Perhaps all her friends were dead and so she needed to imagine Joyce’s friends were hers. But no, of course: “You mean the other people Joyce was looking after.”

She gave him a girlish smile that looked almost mischievous, and sank back, crushing the pillows. “Who else could I mean?” She settled into her nest of pillows, her eyes closing. “Have you lost any friends?” she piped.

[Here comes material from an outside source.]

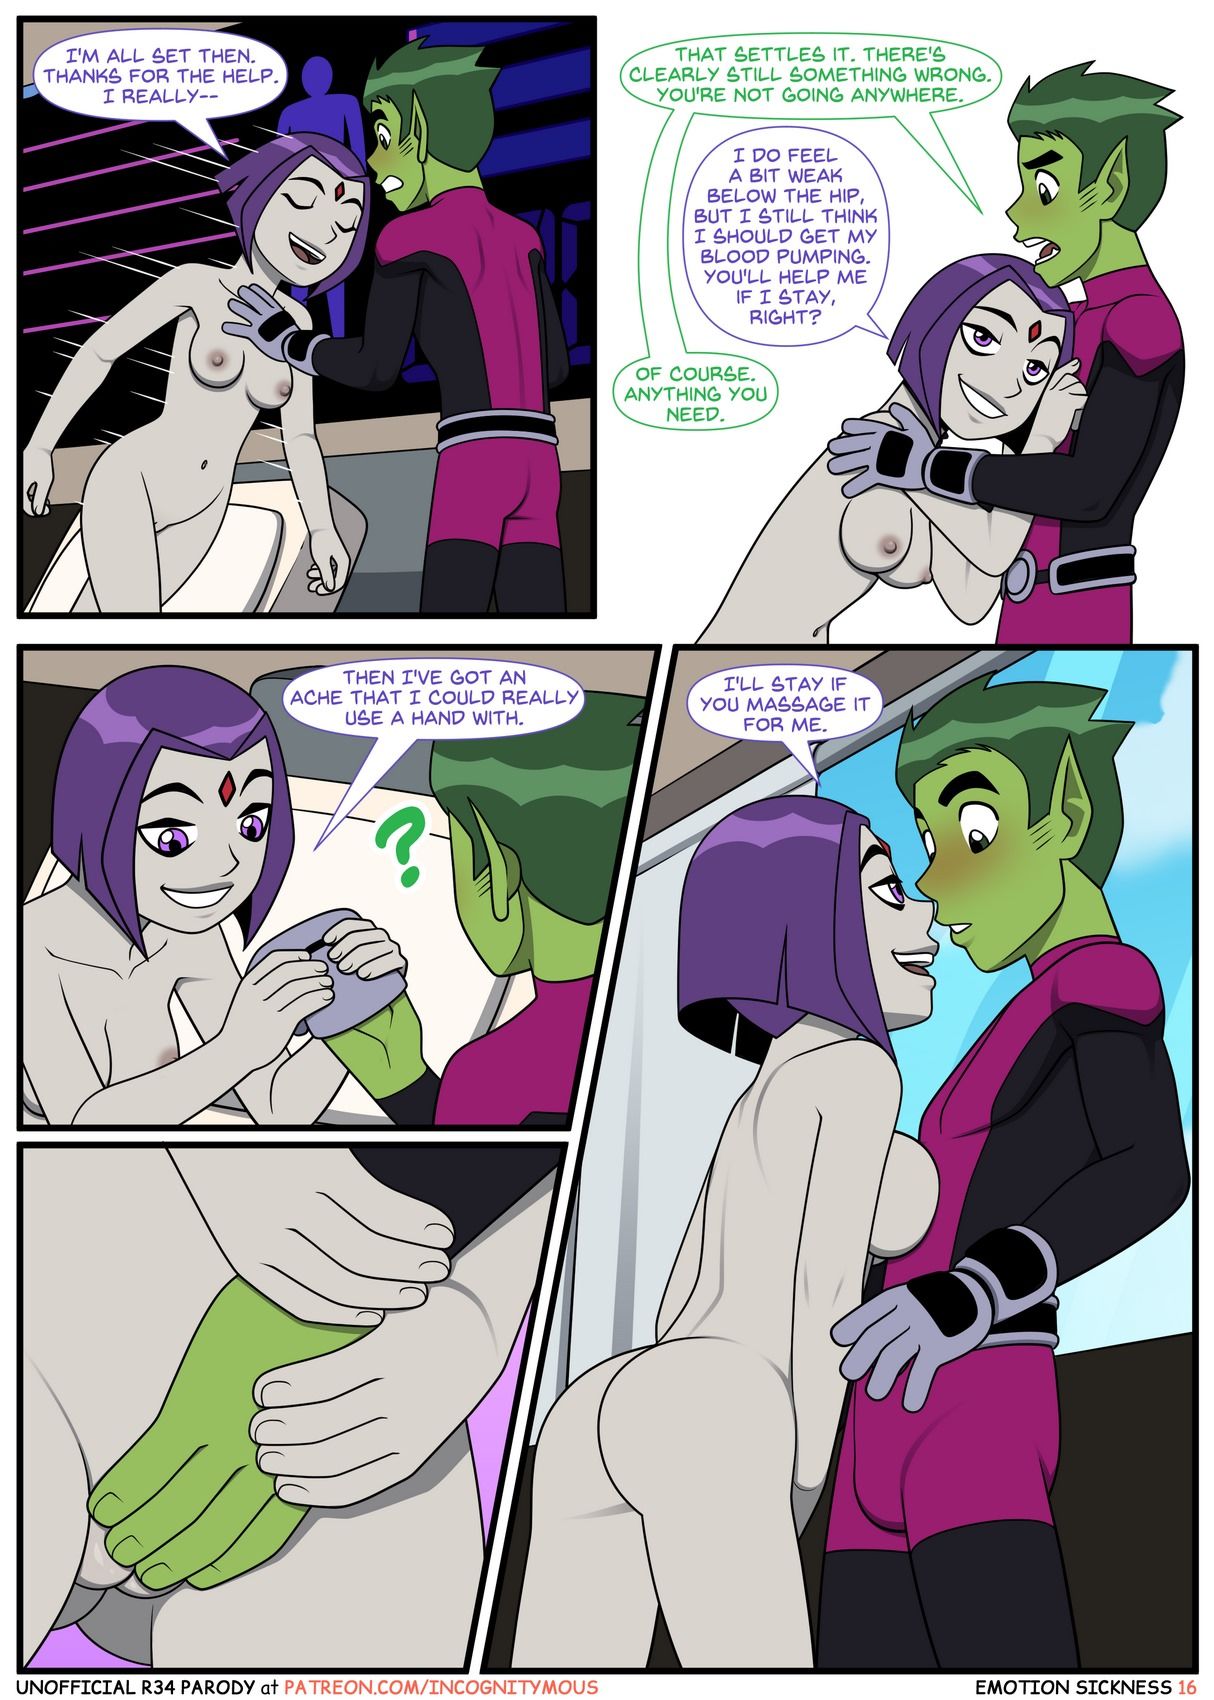 Teen Titans - Emotion Sickness (Incognitymous) page 31

“A few, in the war.” Surely she hadn’t meant to imply that he didn’t know what losing friends was like. “Not so many yet,” he said, almost apologetically.

“You’ve still got Joyce.”

“That I have. When it comes right down to it, she’s the only friend I need.”

The sky was turning black. “Don’t put the light on,” she said when he stood up, and he sat down again. “Are you still in love with her?”

“Why, yes, of course,” he said. “Most certainly.”

“I expect she’s in all your best memories.”

“I expect so too,” Geoffrey said, feeling lulled by the growing dark.